Как вдруг по стеклу монеткой:
– Скоро вы там кончите?
Хохот кольчато сжимает его – не выйти. Осознав свою способность к мертвой хватке, она продолжает смеяться уже из чистого хулиганства. Но опускает глаза, когда он открывает дверь.
И сразу за будку, чтобы не узнали.
У тротуара белая "волга" – с радиатора срывается сверкающий олень. Водительша – пергидрольная блондинка в черном платье с блестками. Она демонстративно недовольна – одна рука на крыше машины, другая уперта в бедро. Несмотря на то, что Александр галантно оставляет дверь будки открытой, блондинка испепеляет его глазами брюнетки.
Он догоняет Алёну, она возбуждена:
– Ты понял, кто это?
– Мегера.
– Нет, Аида!
– Из оперы Верди?
– Из телевизора! Правилова Аида, заслуженная артистка. Она программу ведет по ящику. Ищем таланты.
– Так вот, кто автоматы в городе ломает! На выпивку не хватает?
Они уходят, не оглядываясь. Запущенные вслед им "двушки", обгоняя, скатываются с тротуара.
– Вандалы! Хулиганы!
Из открытого окна машины грозит кулак, унизанный перстнями. Телезвезда уносится вниз по улице.
– Встреча с прекрасным.
– Слушай, а действительно? Давай возьмем сухого.
– На что?
Она открывает сумочку.
– Вот три рубля. Возьмешь?
Винный на Круглой до одиннадцати. Когда он выходит с румынским рислингом в папиросной бумаге, от нее отскакивает прикадрившийся волосатик:
– Привет, хипарям!
Она открывает дверцу такси, они садятся на заднее сиденье, и Алёна, выдавая какой-то прежний опыт, говорит:
– На кладбище.
– Их много, – отзывается шофер-флегматик.
– На Военное.
Он берет ее за руку.
Вечный огонь на мгновенье озаряет ее – устремленную на поиск ночных приключений.
* * *
– Можете поздравить...
Взяв в руки новенький студенческий билет, мама фыркает, и он согласен:
– Воняет. И не только клеем.
– Чем бы ни вонял, а за него теперь расплачиваться.

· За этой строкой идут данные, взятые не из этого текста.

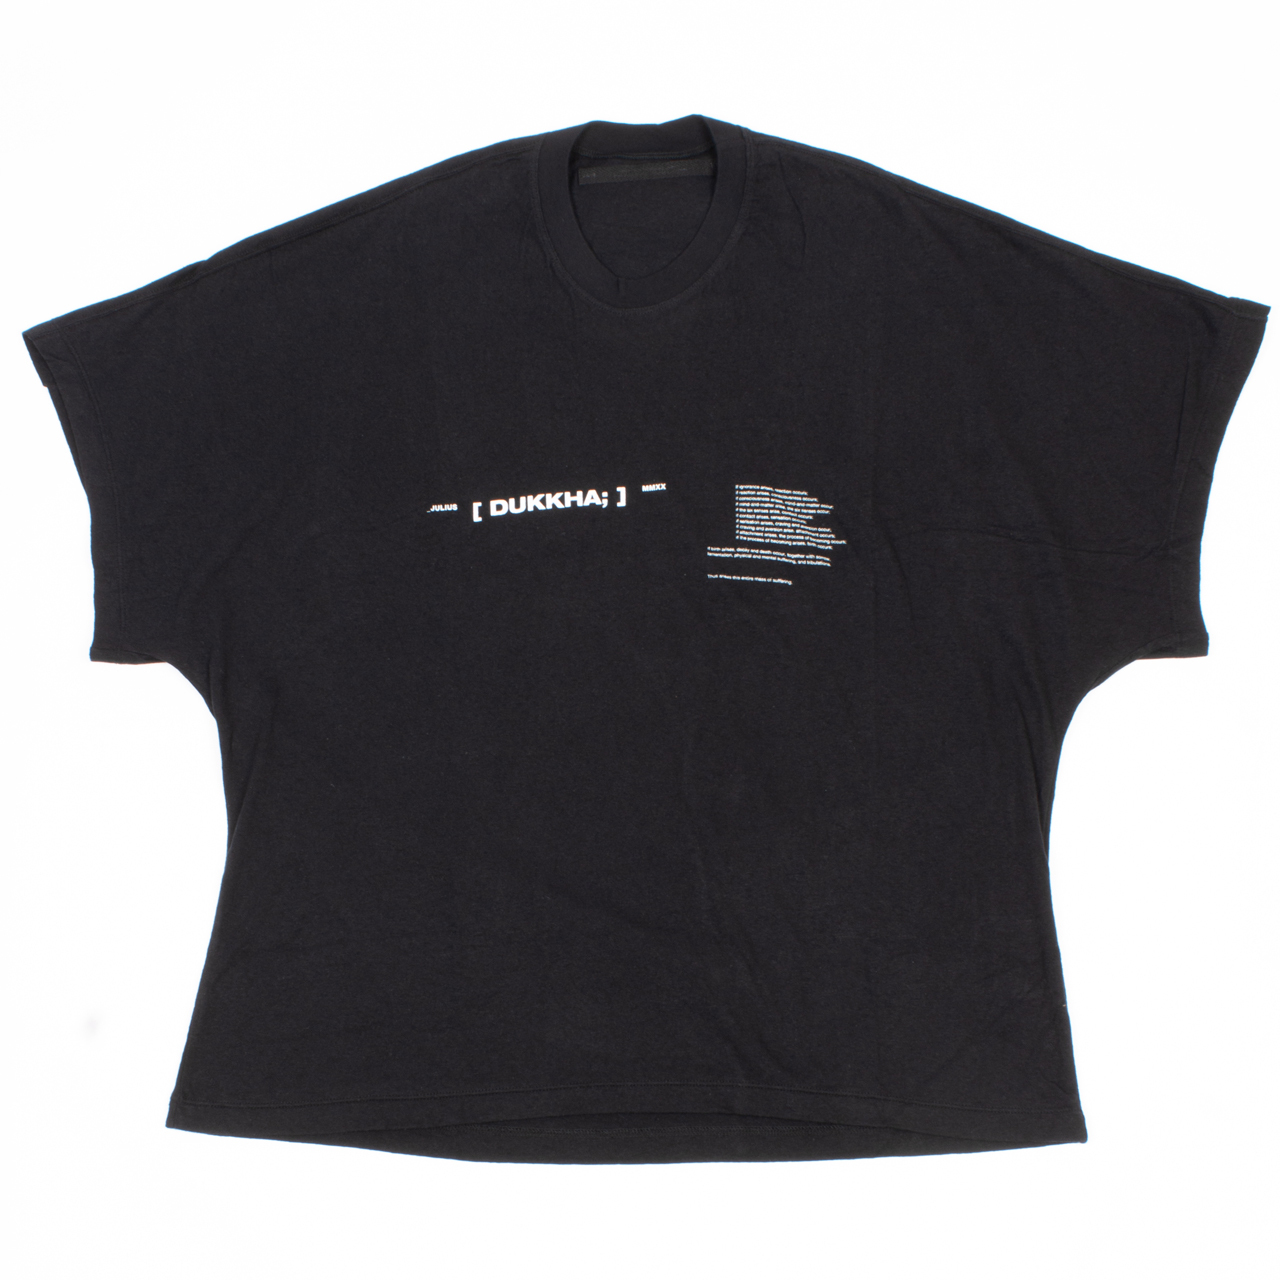 717CPM3-BLACK / ドルマンスリーブプリントTシャツ

– Это с кем же? – вдруг не понимает отчим.
– С теми, кто нам услугу оказал.
– Ничего себе услуга! – возмущается Александр. – Завалить пытались по истории СССР. Как русского.
Отчим возмущенно:
– То есть?
– Не нацкадр.
Тут отчим смолкает, не желая вникать в подробности национального вопроса. Для него эта страна разделена не на республики, а на военные округа.
– Скажи спасибо, что допустили к сдаче. За это нужно отблагодарить.
– Так, – говорит отчим. – И в какой же форме?
– Известно, в какой. Банкет!
– Это что, за стол один садится? Я с этой братией в одном поле бы не сел!
– Беден, но честен. Знаем. Потому имеем халупу, в которую людей не пригласить.
– Да... При Сталине я в Бауманку! Без какой-либо протекции! Да что я, парнишка из Сибири. Когда супруга Его, Наталья Аллилуева, и та поступала на общих основаниях! Нет.
– Как нет?
– А так! – Большим пальцем вминает в трубочку пол-папиросы. – Погоны позорить я не стану.
Александр решительно встает. Столкнув сковородку, на которой разогревается ему котлета, сует в голубое пламя студенческий билет. Мама хватает за рубашку так, что швы трещат. Отнимает. Дует на опаленную корочку.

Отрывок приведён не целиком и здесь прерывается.